Directions: Write out the material below again, line for line, without any images.

### Collected data

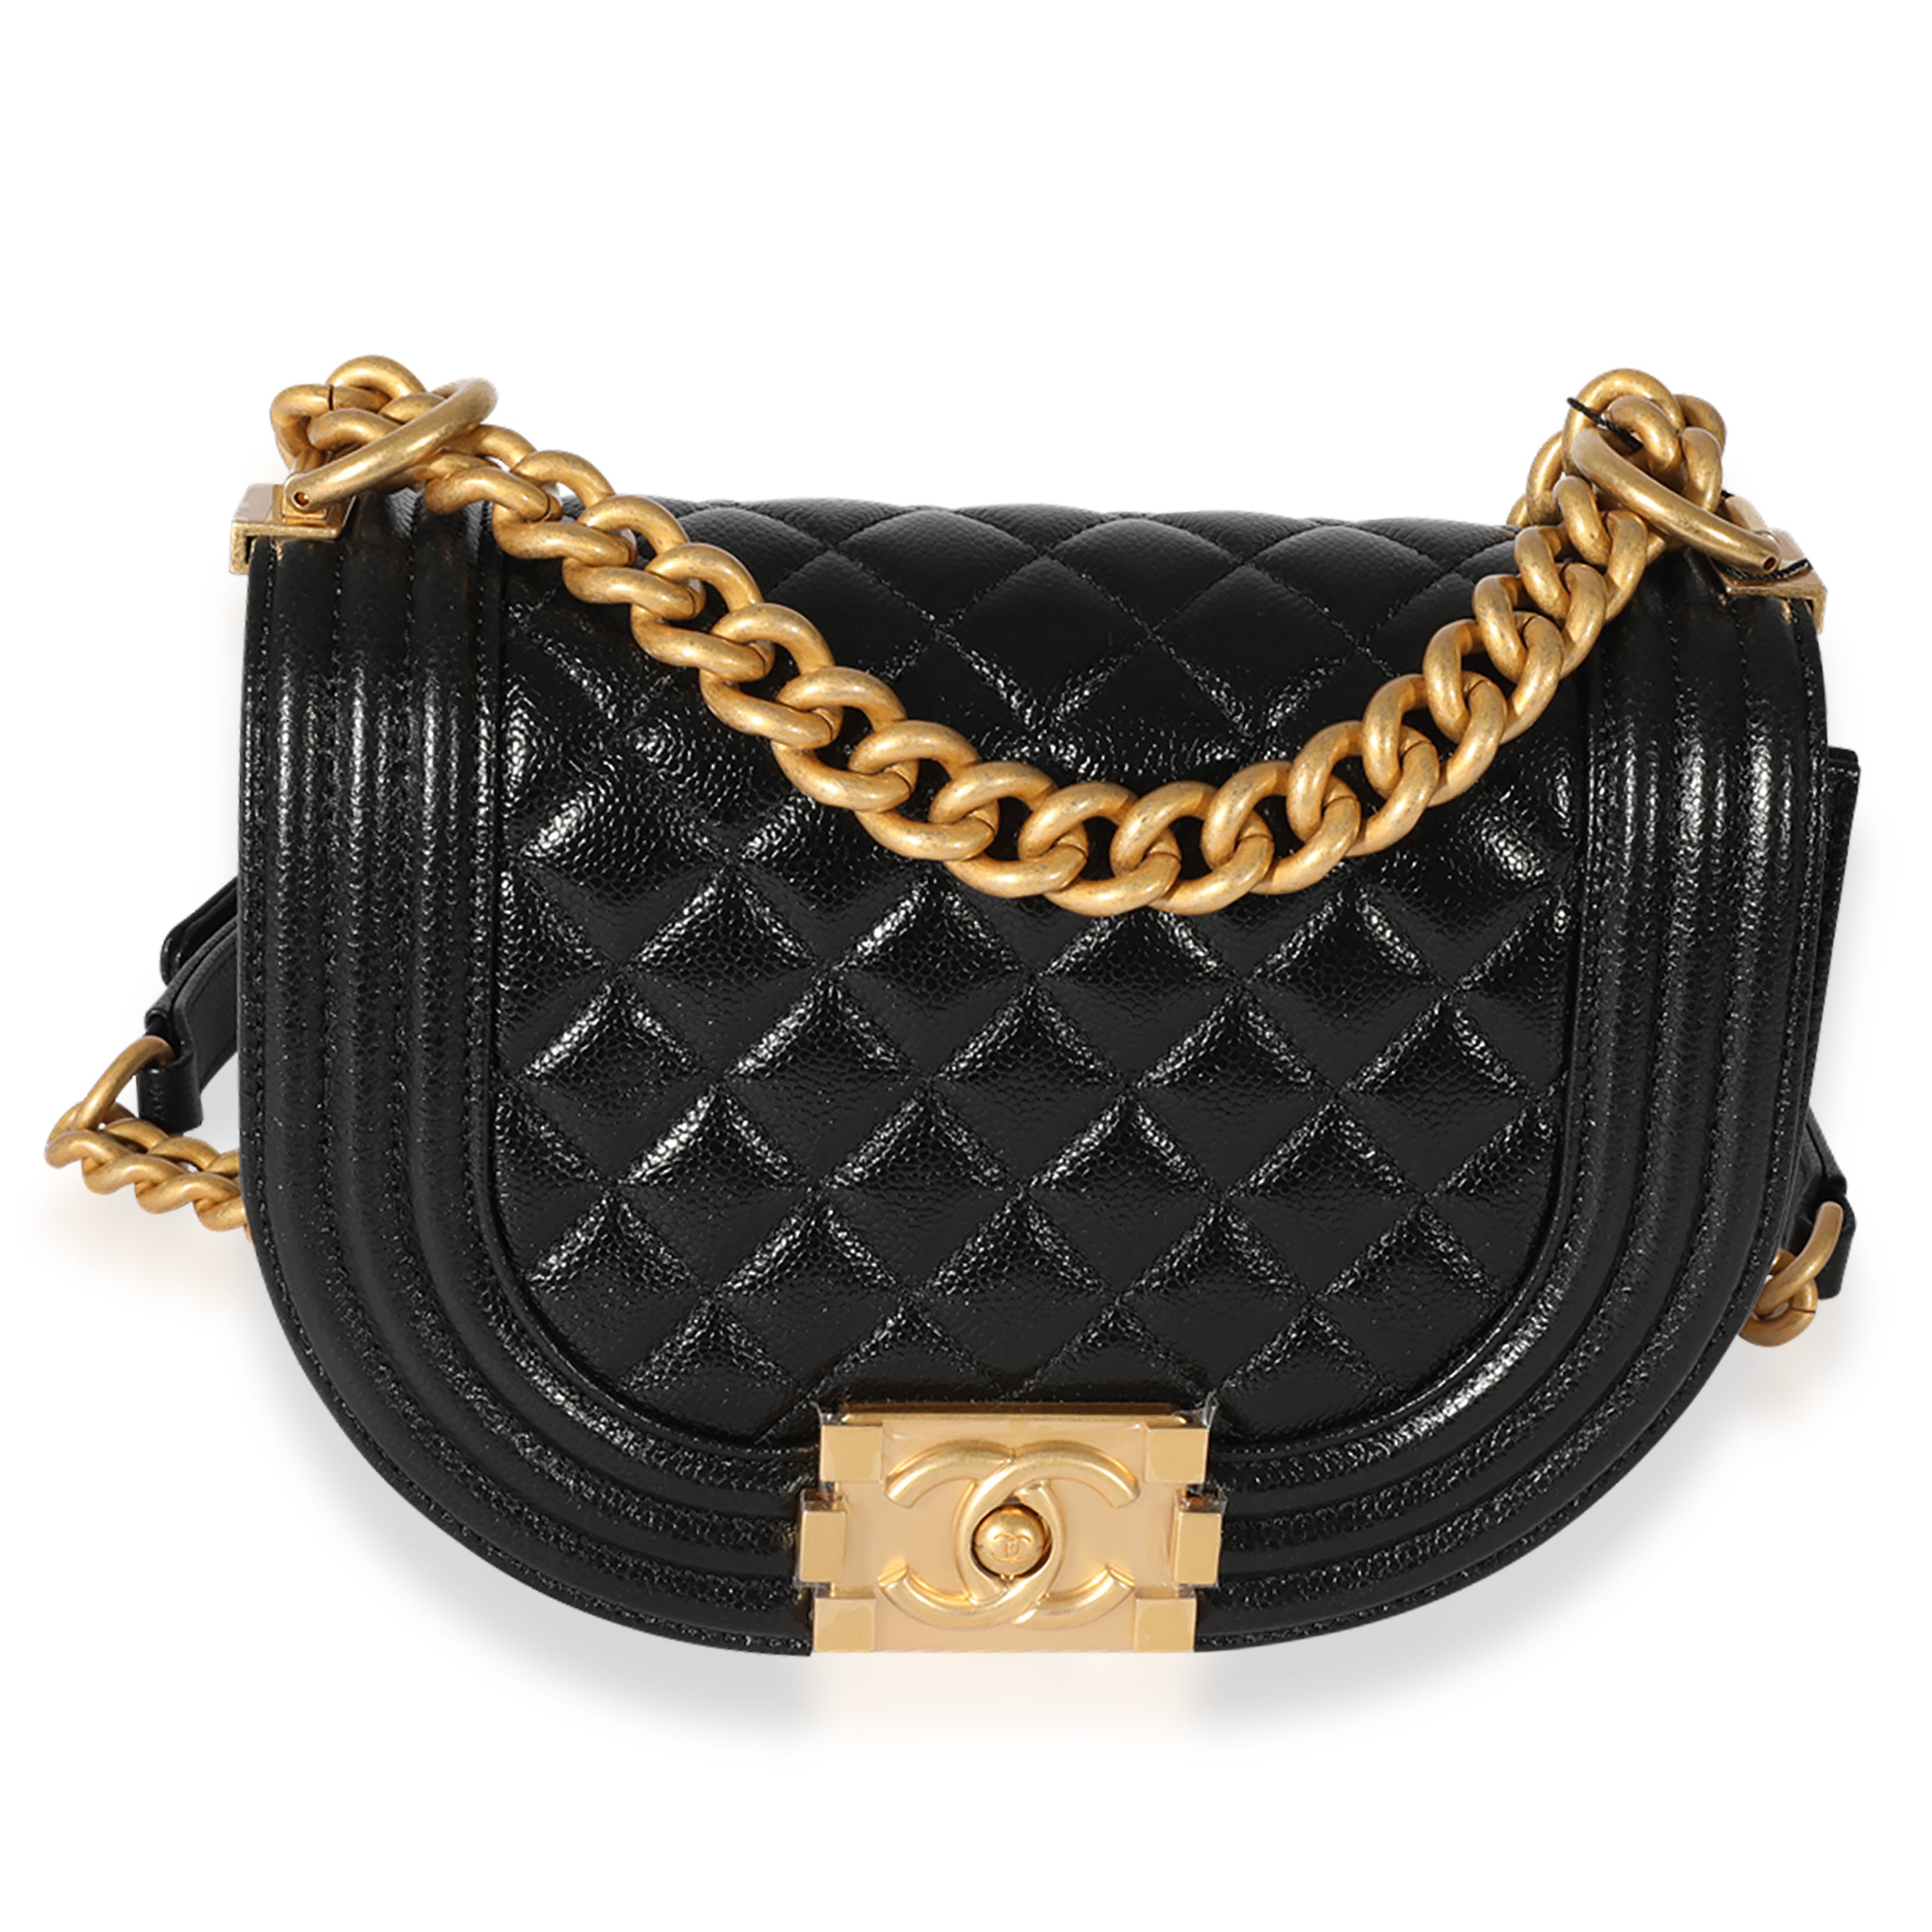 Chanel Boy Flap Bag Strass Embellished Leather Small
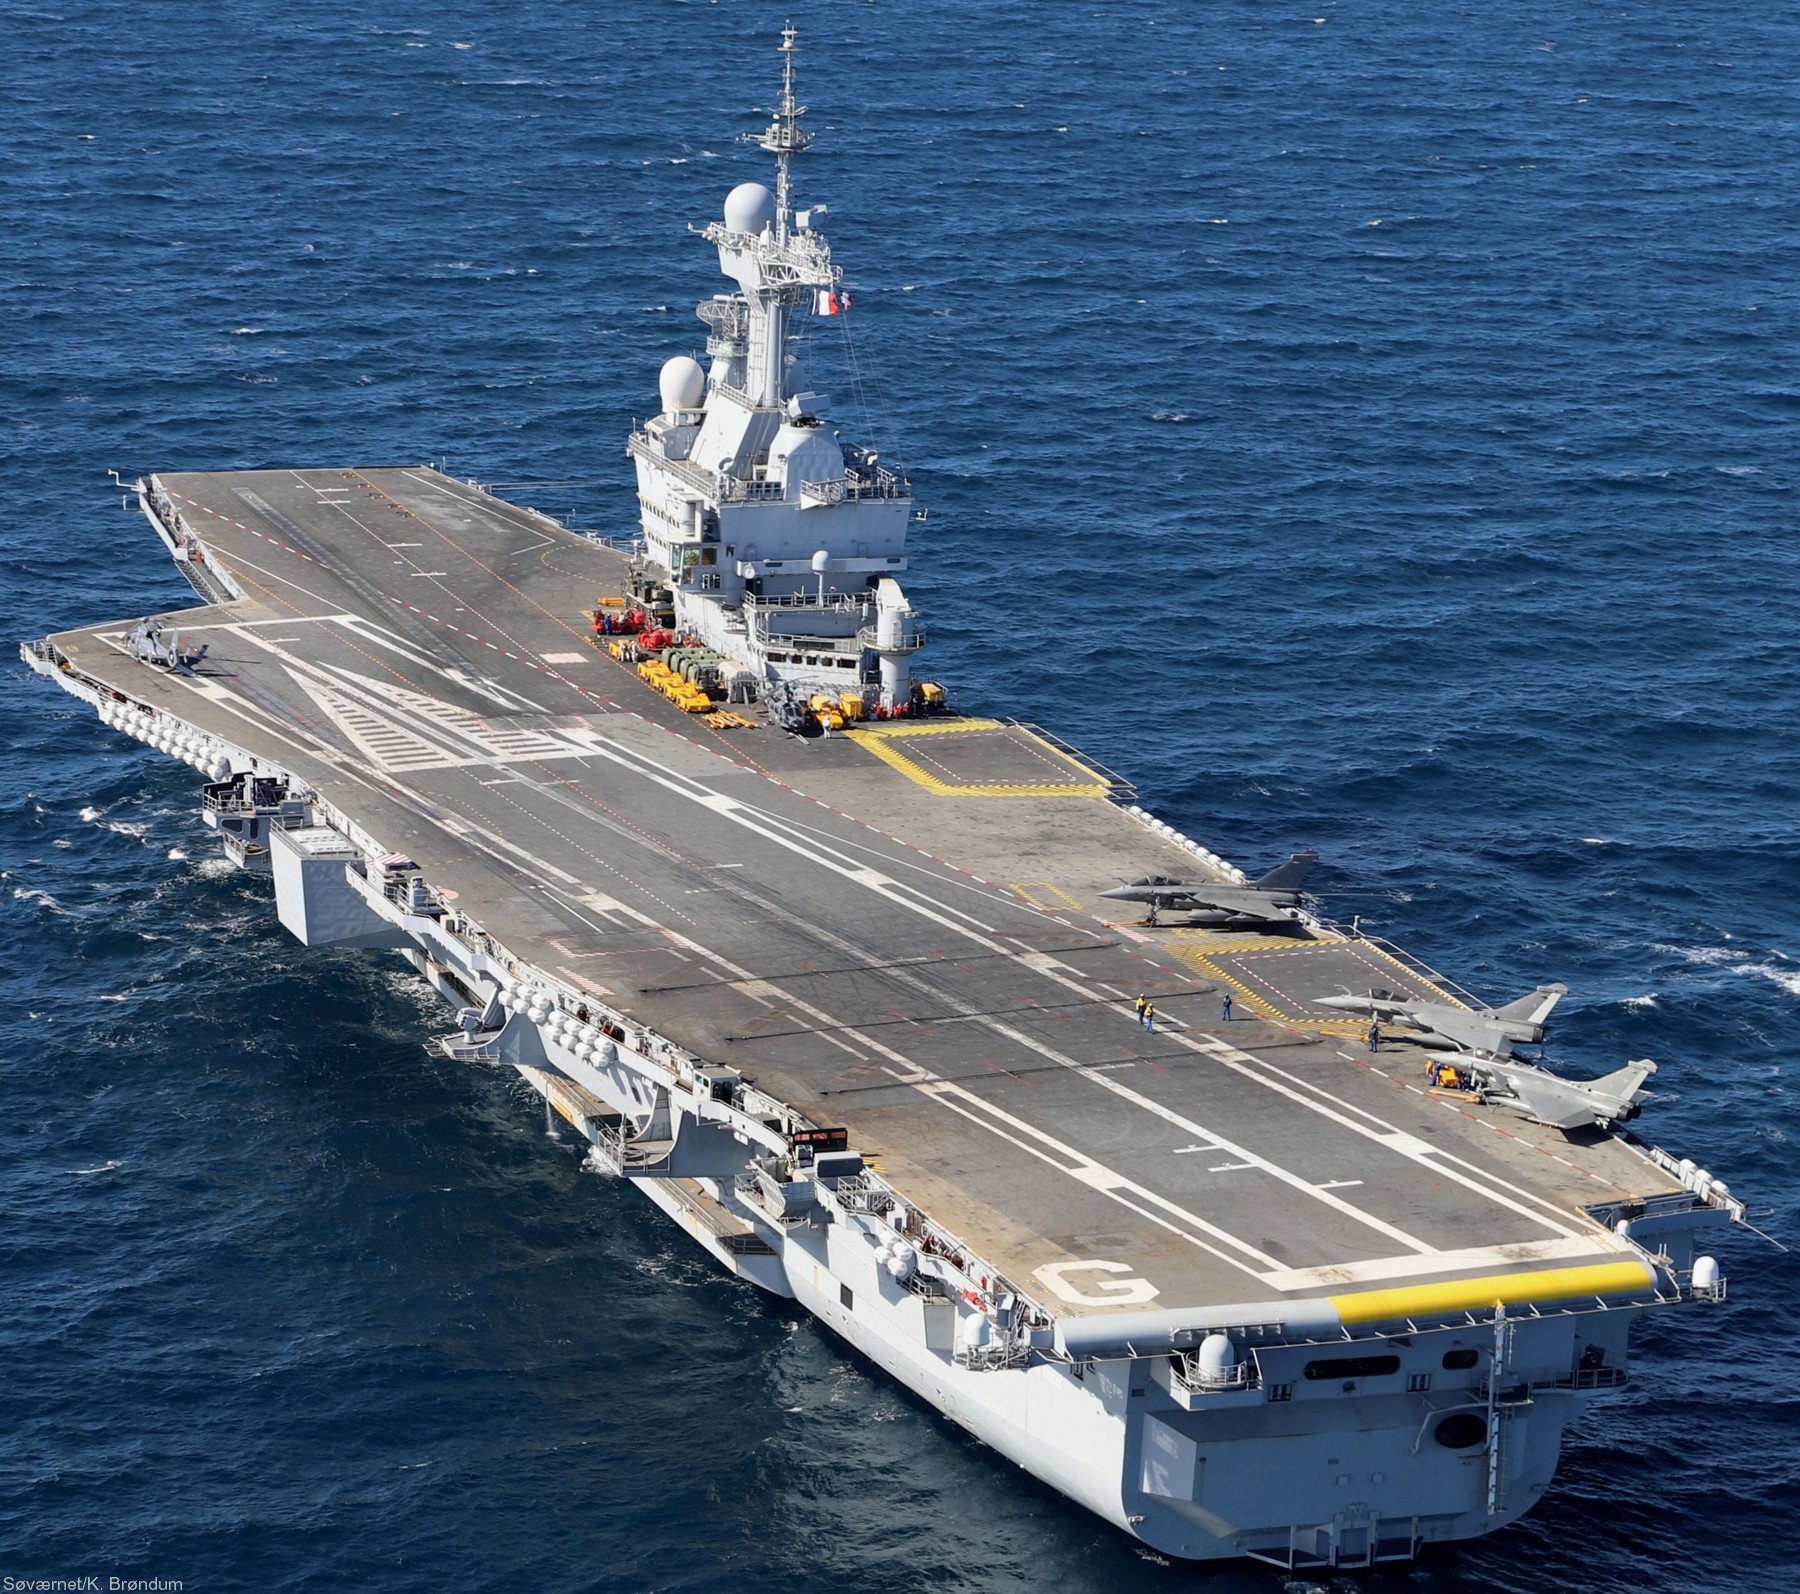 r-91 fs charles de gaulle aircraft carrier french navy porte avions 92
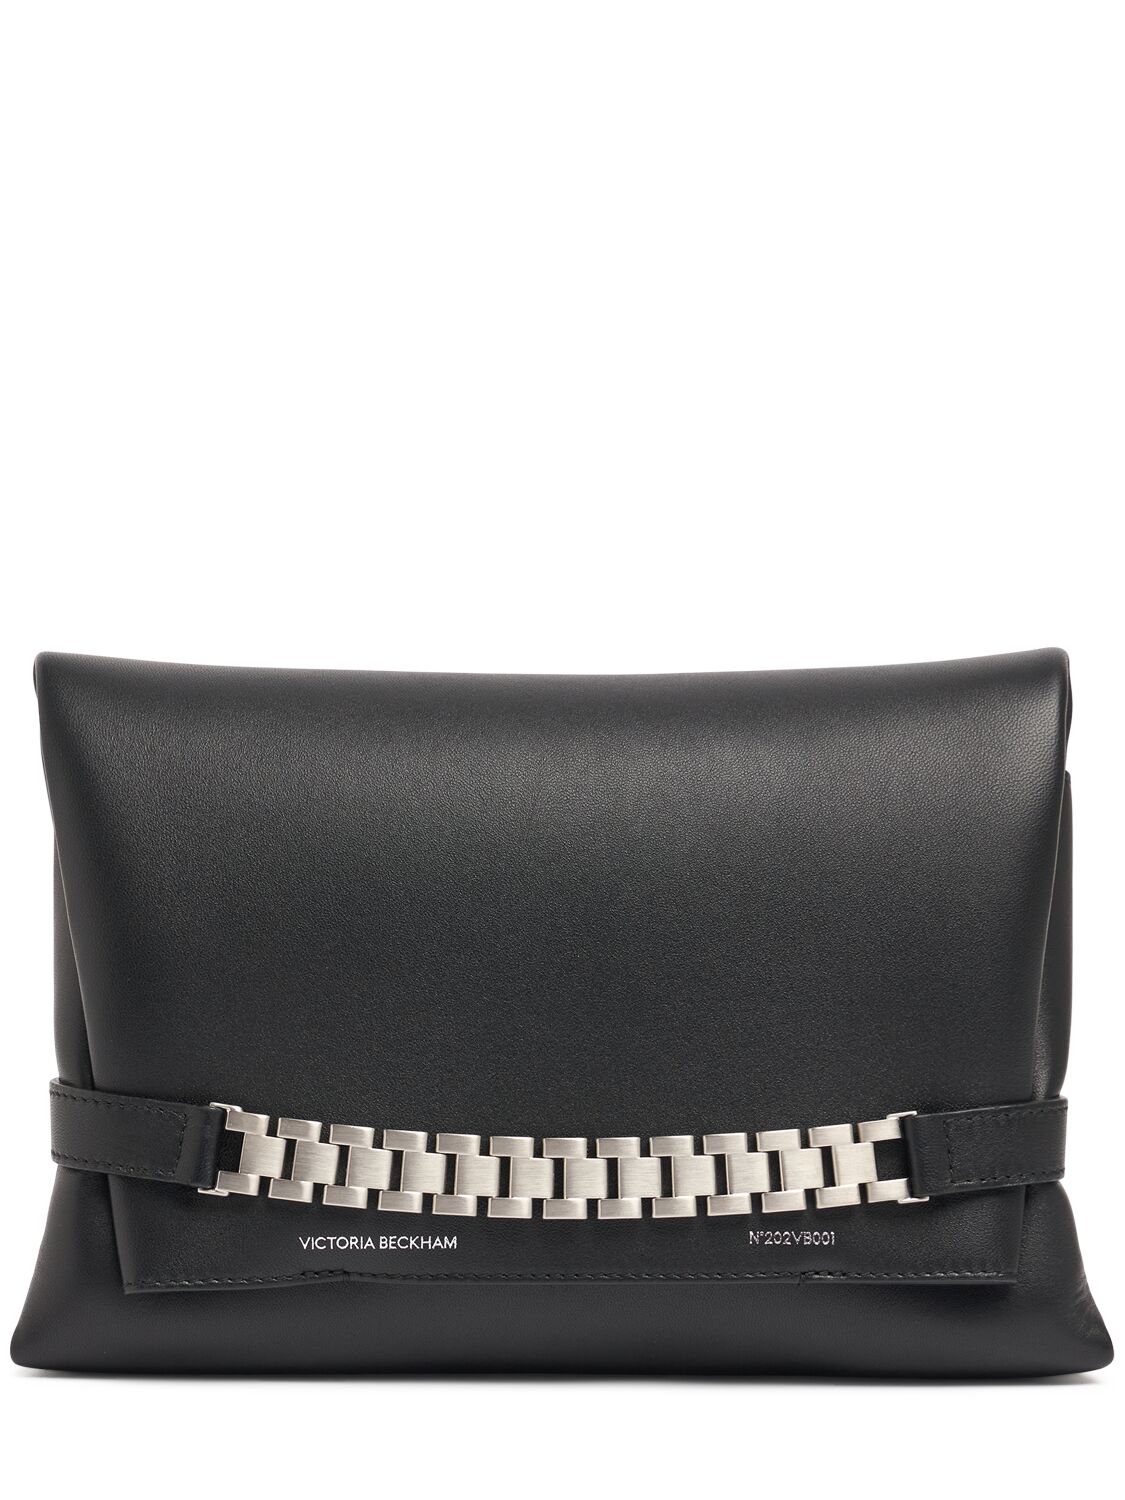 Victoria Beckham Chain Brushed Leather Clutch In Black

######

Output below:
 Chanel Boy Flap Bag Strass Embellished Leather Small
 r-91 fs charles de gaulle aircraft carrier french navy porte avions 92
 Victoria Beckham Chain Brushed Leather Clutch In Black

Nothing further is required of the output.